# 5150 Vice - any good?



## scottland (Jan 8, 2008)

5150 is a cheap brand. If you want something to learn on, and throw away after a year, it could be a good board for you. If you plan to buy a board to keep for awhile, go with any of the other brands you mentioned (Burton, Nitro, Salomon, Ride, Forum), etc etc


----------



## tschamp20 (Nov 2, 2009)

i rode a 5150 for a couple of years. it is a great board in my opinion for cruising the mountain. if its all you can afford than get it.it will get the job done. if you can afford a ride etc. than get that.


----------



## Guest (Jan 8, 2010)

I got also other options. So 5150 is out of question. 

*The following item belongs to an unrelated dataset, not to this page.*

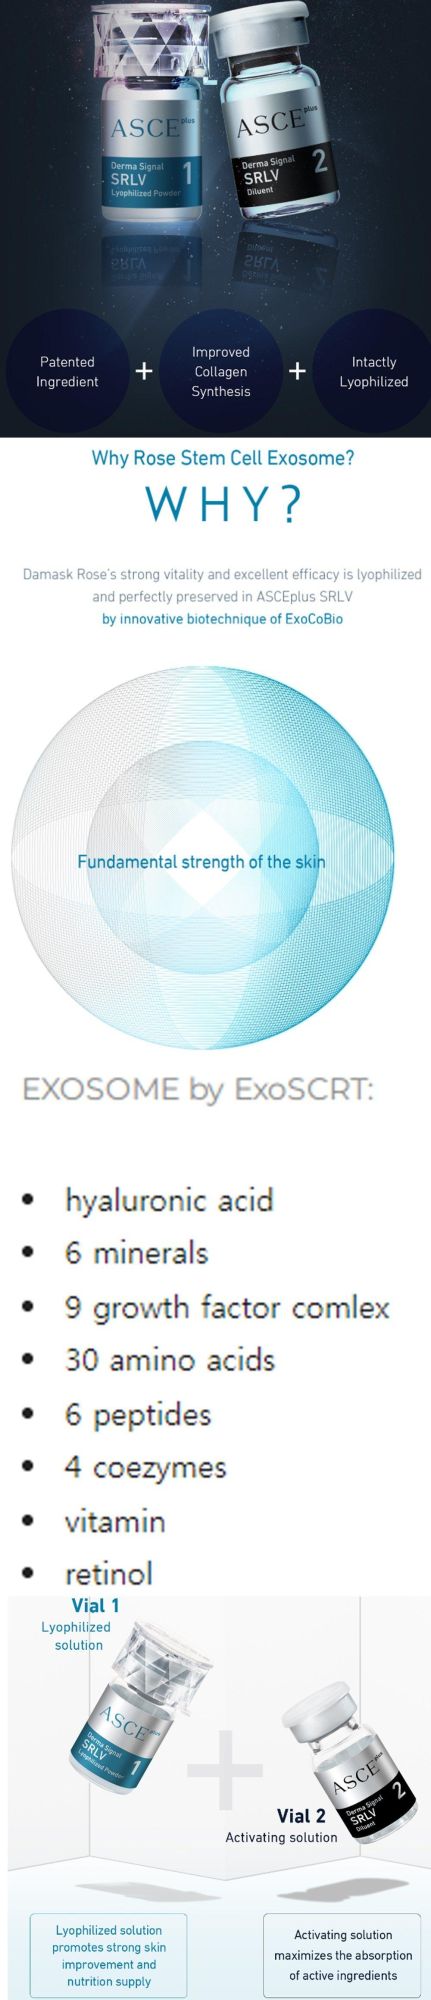 Asce Plus Exosome Dermal Signal Kit Srlv Skin Care Brighten Skin Cell Regeneration Anti-Aging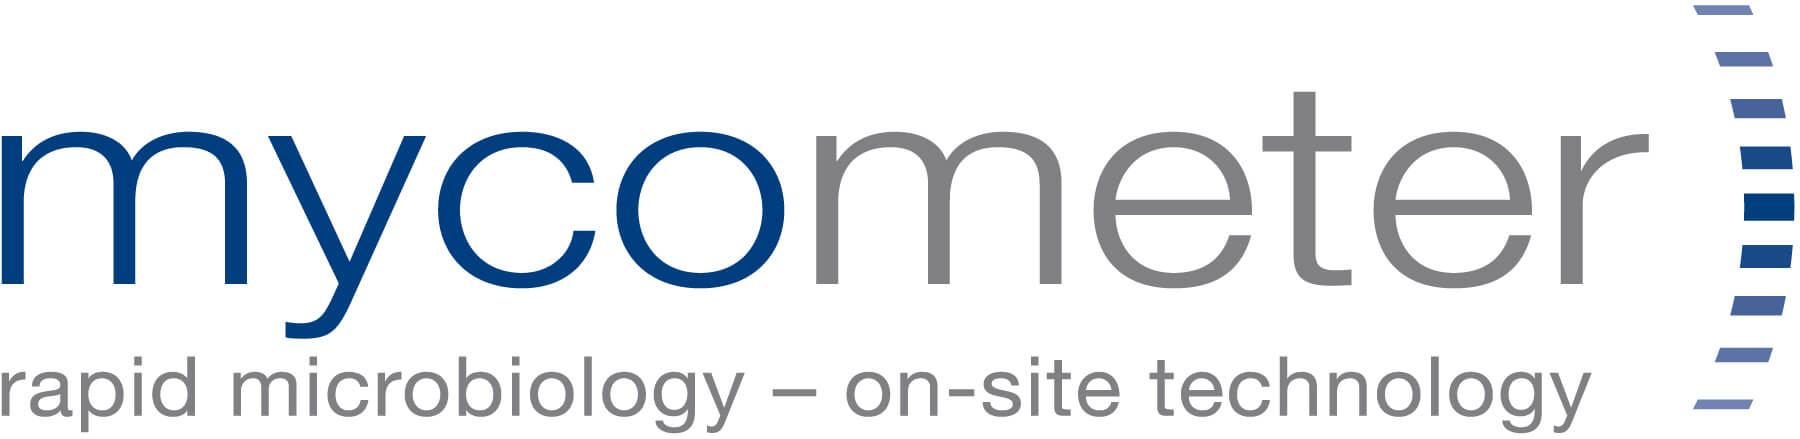 Mycometer logo

New Light Trooper Wide 163 or 167 and Light Bright 165.

In Estonia this year is snowing like in North-pole. So snowboarding shops look like the hurricane has visited them . Thatswhy its difficult to find good brand products, specally for my height.


----------



## tsaokie (Sep 18, 2009)

I'm gonna assume you meant 6 foot 4 instead of 3 foot 4. lol but yeah 5150 are definitely on the cheaper end. You are light weight enough to be riding a shorter board if it means more options. its really just what you in to. I have a friend who is around 6 foot 4 and 250 pounds but rocks a 156 cm board and loves it.


----------



## Guest (Jan 8, 2010)

Sry my bad . I am not a midget.


----------



## Guest (Jan 8, 2010)

How good are:

Light Trooper Wide 163 or 167 
Light Bright 165 

?


----------